So schnell mich meine Füsse über den harten Boden tragen, jogge ich den Rundgang ab. Ich habe vielleicht nicht den schnellsten Kopf, aber meine Beine sind stärker als die meisten anderen.

Marleen scheint es ernst zu meinen. Und ich darf keine Zeit verlieren. Die Neuigkeit muss zu Ernesto getragen werden, damit er die Inneren Funken zusammentrommeln kann. In der Hitze ringe ich nach der stinkenden Luft, die so trocken ist, dass beim Ausatmen Staub aus meiner Nase entweicht. Mein Bandana hängt mir brettig trocken um den Hals, da ich durch den Stoff nicht genug Sauerstoff bekomme.

Meine Füsse donnern schneller auf den Stein als mein Herz in meiner Brust schlägt. Die Pilotenbrille auf meiner Nase droht bei meiner verschwitzten Haut zu verrutschen. Ich schiebe sie während dem Rennen zurück auf die Nase.

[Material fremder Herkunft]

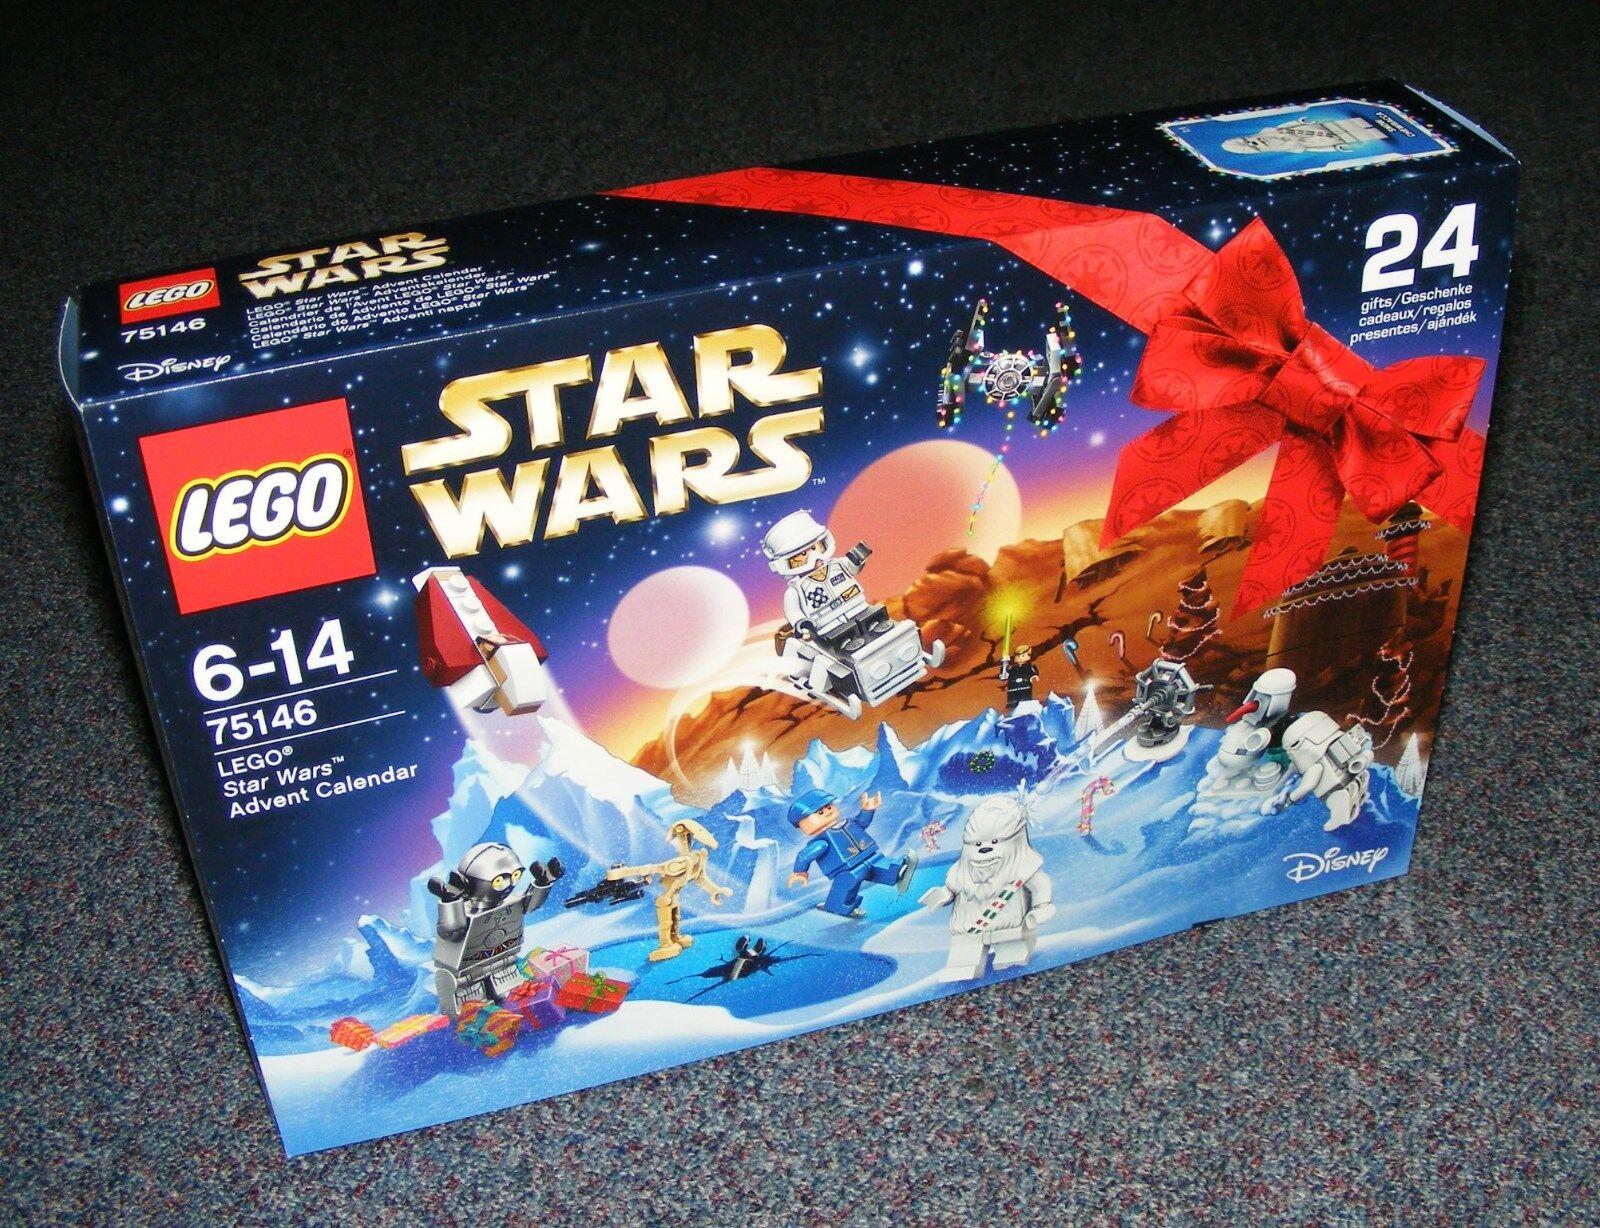 STAR WARS LEGO 75146 ADVENT CALENDAR 2016 BRAND NEW SEALED SNOW CHEWBACCA

Ich muss Ernesto erreichen, so schnell es geht. Mein einziger Wunsch ist es, die Regierung zu zerstören. Das haben wohl alle Funken gleich. Die Rebellion hat es sich zur Aufgabe gemacht, unseren Staat von Innen zu zerstören. Auf der nie anhaltenden Suche nach neuen Anhängern der Rebellion sind wir aber irgendwo hängen geblieben. Seit Monaten ist nichts Signifikantes mehr passiert, weshalb die Neuigkeit ganz besonders wichtig ist.

Mein Hass gegen die Regierung wird mit jedem Tritt auf die harte Unterfläche geschürt. Wir Funken kämpfen für die Menschheit. Wir kämpfen für das Recht auf Leben. Wir kämpfen dafür, dass jeder Mensch seinen Weg finden darf – ob natürlich oder im Labor geboren. Und dies ist vielleicht unsere Chance, unser Ziel endlich zu erreichen.

Ich habe schon immer in der Flamme gelebt, an ein Leben davor kann ich mich nicht erinnern. Schliesslich wurde ich als Säugling hierher gebracht. Deshalb habe ich die Stadt auch noch nie wirklich erlebt. Ich habe sie gesehen, klar, und ich habe sie auf Touren durchquert. Aber ich bin nie ein Bewohner davon gewesen. Genau das ist wohl meine Stärke: Ich habe keinerlei Liebe oder Zuneigung für die kargen Gebäude oder die seelenlosen Wesen, die darin leben. Ich will die Menschlichkeit auf der Erde zurück gewinnen.

Voller Elan halte ich nach Ernesto Ausschau, und renne die Strecke ab, die er mit jedem Neuankömmling hinter sich legt.

„Ernesto", rufe ich ausser Atem, als ich den blonden Haarschopf nahe der Waschstation erkenne. Unser Anführer dreht sich sofort überrascht um.

„Lance", kommt er einige Schritte auf mich zu. Ich halte nicht an, bevor ich direkt vor ihm stehe. Auch Noe und Katherine haben sich mittlerweile umgedreht. „Was ist passiert?"

„Mar- Marleen", keuche ich hastig.

„Was ist mit ihr?"

„S-sie ha-hat eine Nachri-ri-richt abgehört, d-die d-du mit de-den Inne-neren Funk-k-ken bespre-e-echen sollte-test." Mein Stottern ist der Aufregung wegen noch viel schlimmer als normalerweise.

„Was für eine Nachricht?", reisst Ernesto seine Augen auf.

„Die La-labo-bore betref-ff-fend. An-anscheinend-end wird i-in zwei-i Tagen der Vor-vor-vorrat via Lastwa-wagentra-transpo-port aufgestockt." Ich atme einmal tief durch und stemme meine Fäuste in die Hüfte. Mein Oberkörper krümmt sich wegen des fehlenden Sauerstoffs leicht. „Mar-marle-leen ha-hat die Rou-ou-oute aufge-ge-gezei-zeichnet. Das i-ist ge-genau, wo-worau-auf wir ge-gewa-wartet ha-haben."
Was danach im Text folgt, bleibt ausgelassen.